ASSIGNMENT
For this task, copy all of the data below exactly and skip the pictures.

PROVIDED DATA
────────────────────
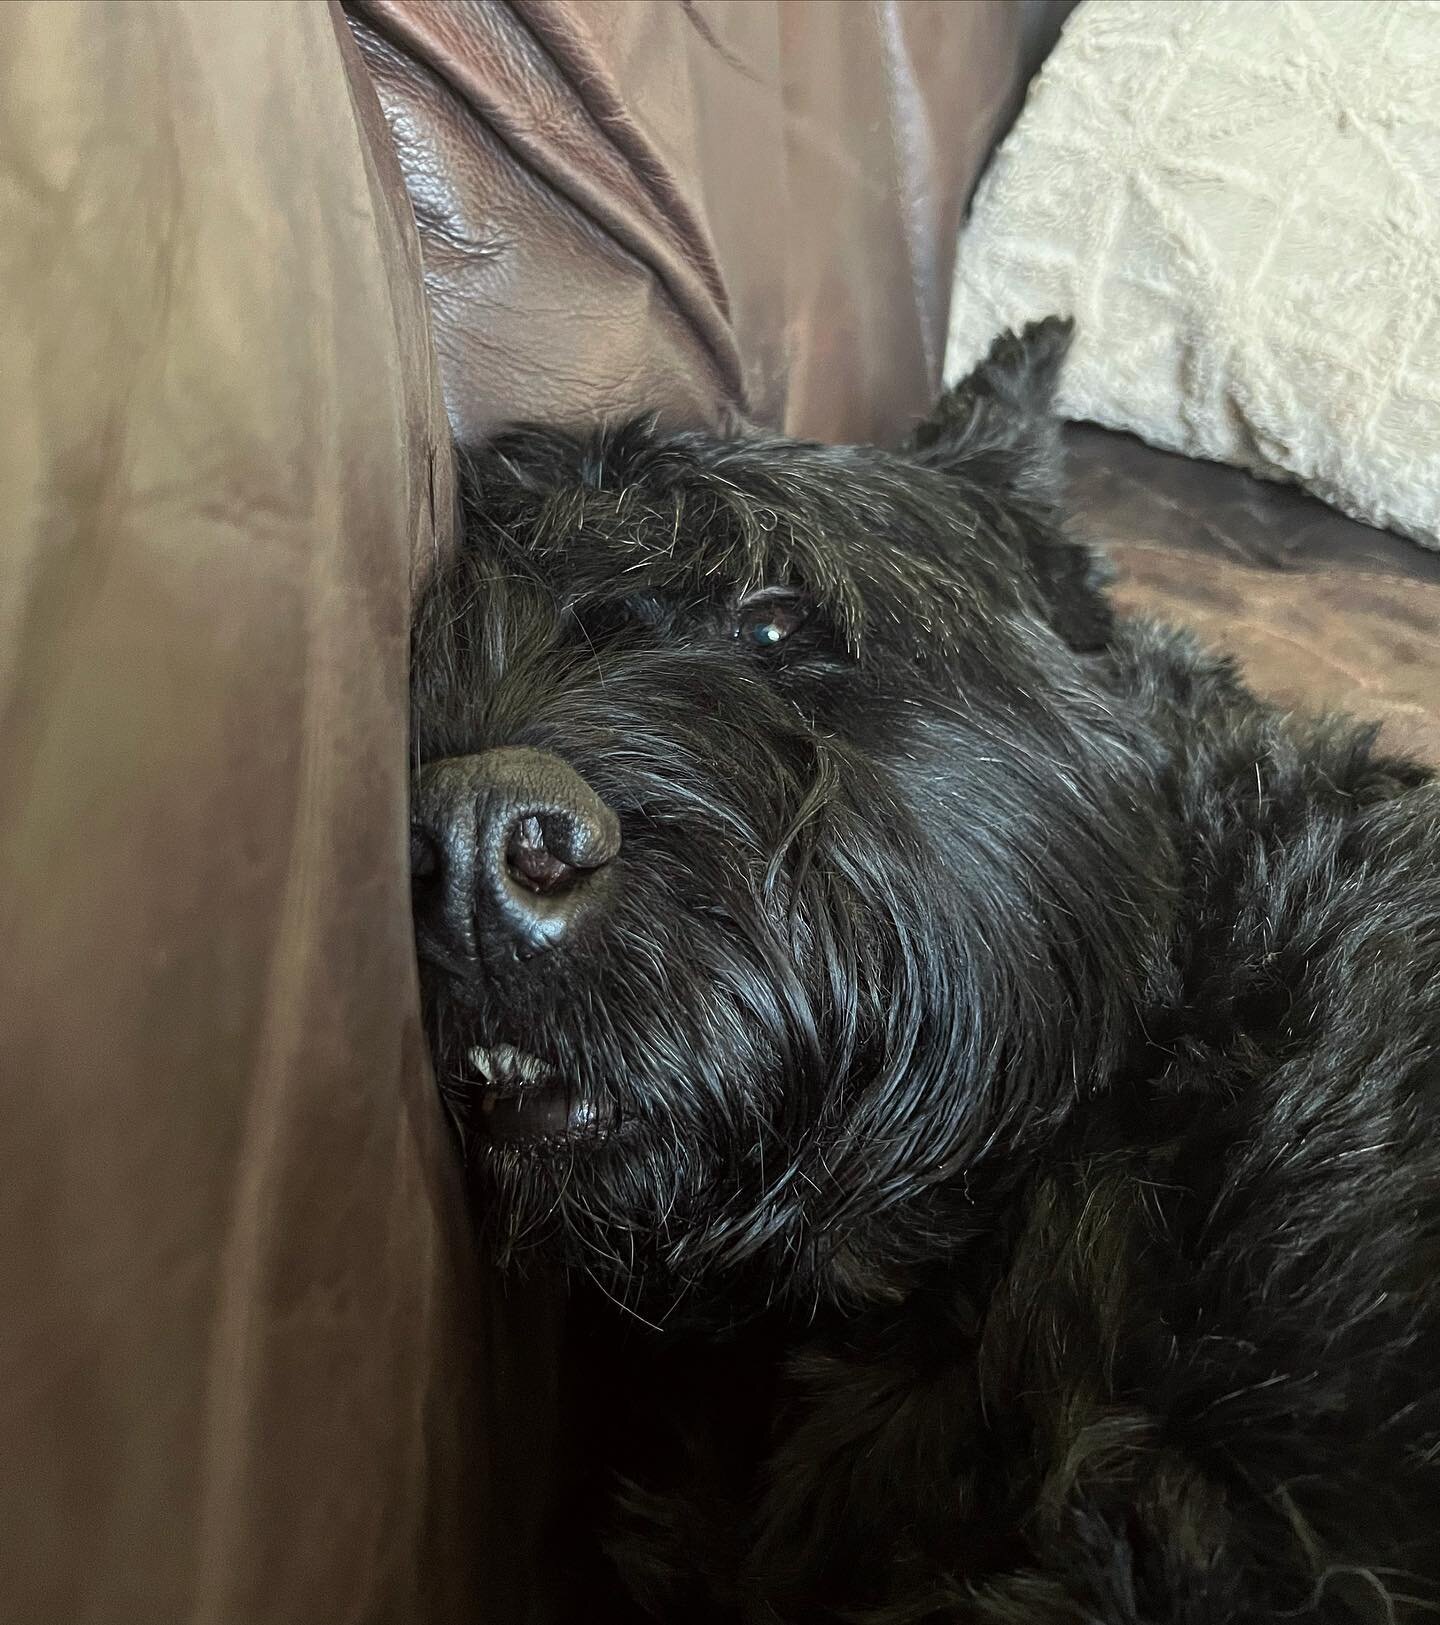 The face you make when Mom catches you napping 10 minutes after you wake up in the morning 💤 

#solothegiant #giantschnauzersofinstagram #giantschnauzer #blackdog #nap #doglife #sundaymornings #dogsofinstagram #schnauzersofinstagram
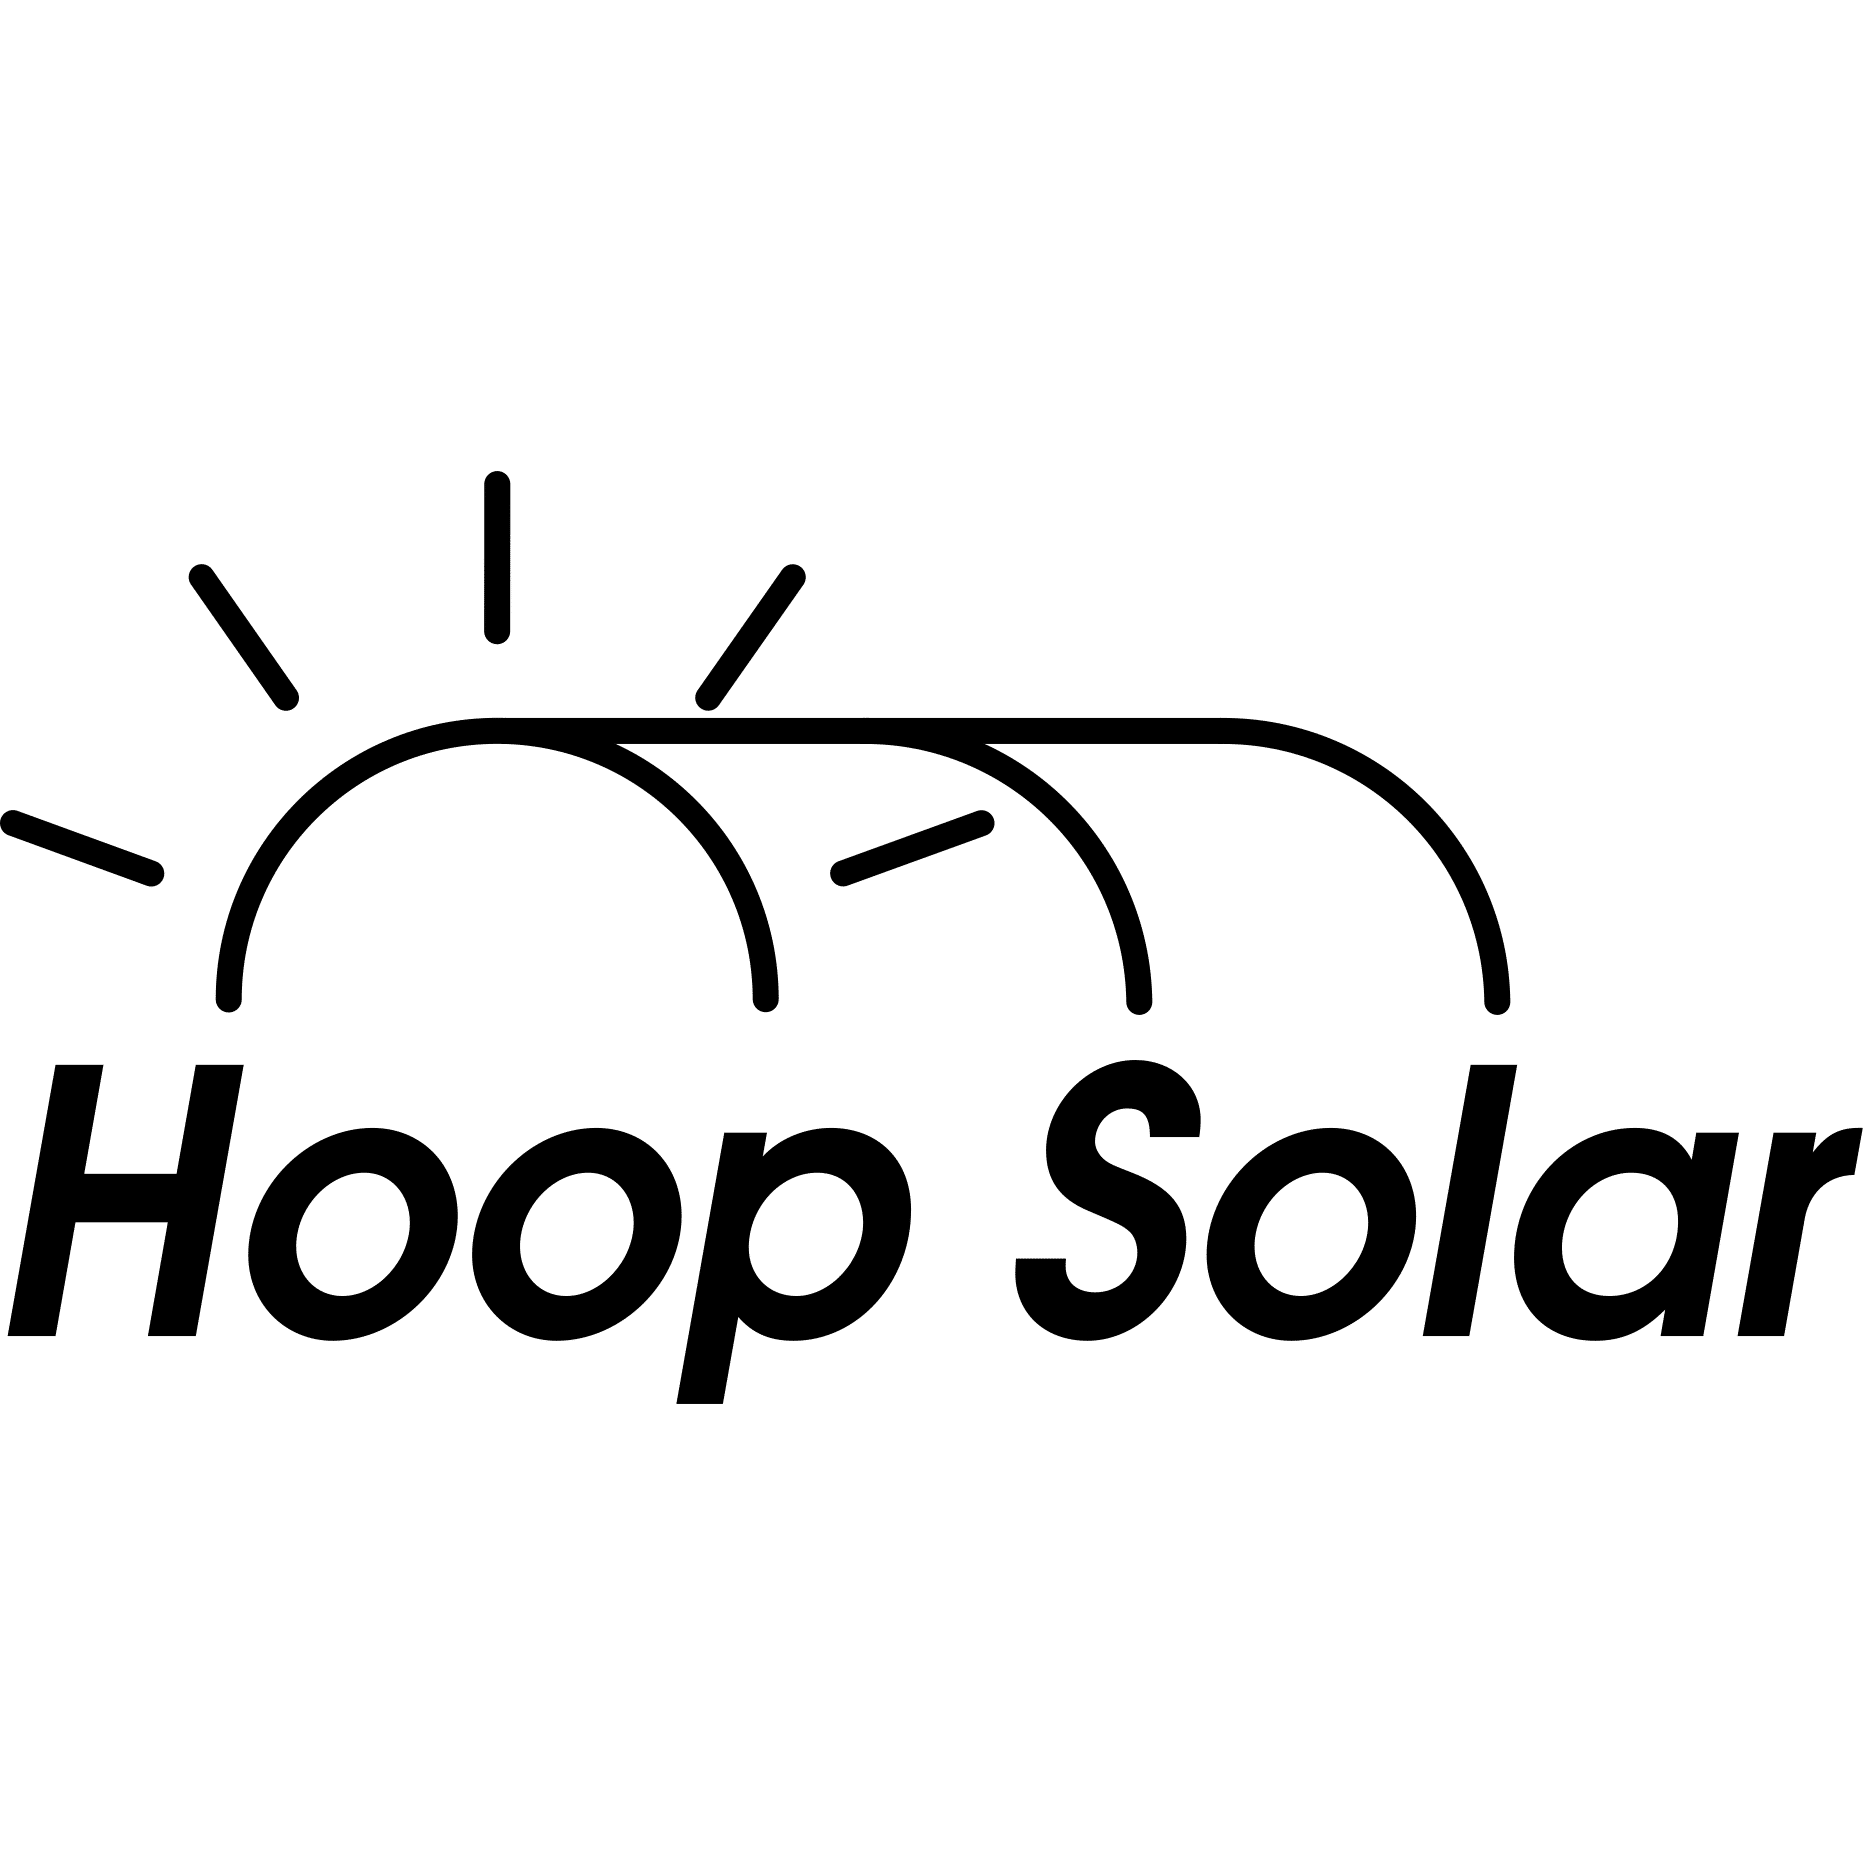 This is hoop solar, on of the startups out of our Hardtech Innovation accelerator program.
────────────────────
RESULT FOR THIS TASK
 The face you make when Mom catches you napping 10 minutes after you wake up in the morning 💤 

#solothegiant #giantschnauzersofinstagram #giantschnauzer #blackdog #nap #doglife #sundaymornings #dogsofinstagram #schnauzersofinstagram
 This is hoop solar, on of the startups out of our Hardtech Innovation accelerator program.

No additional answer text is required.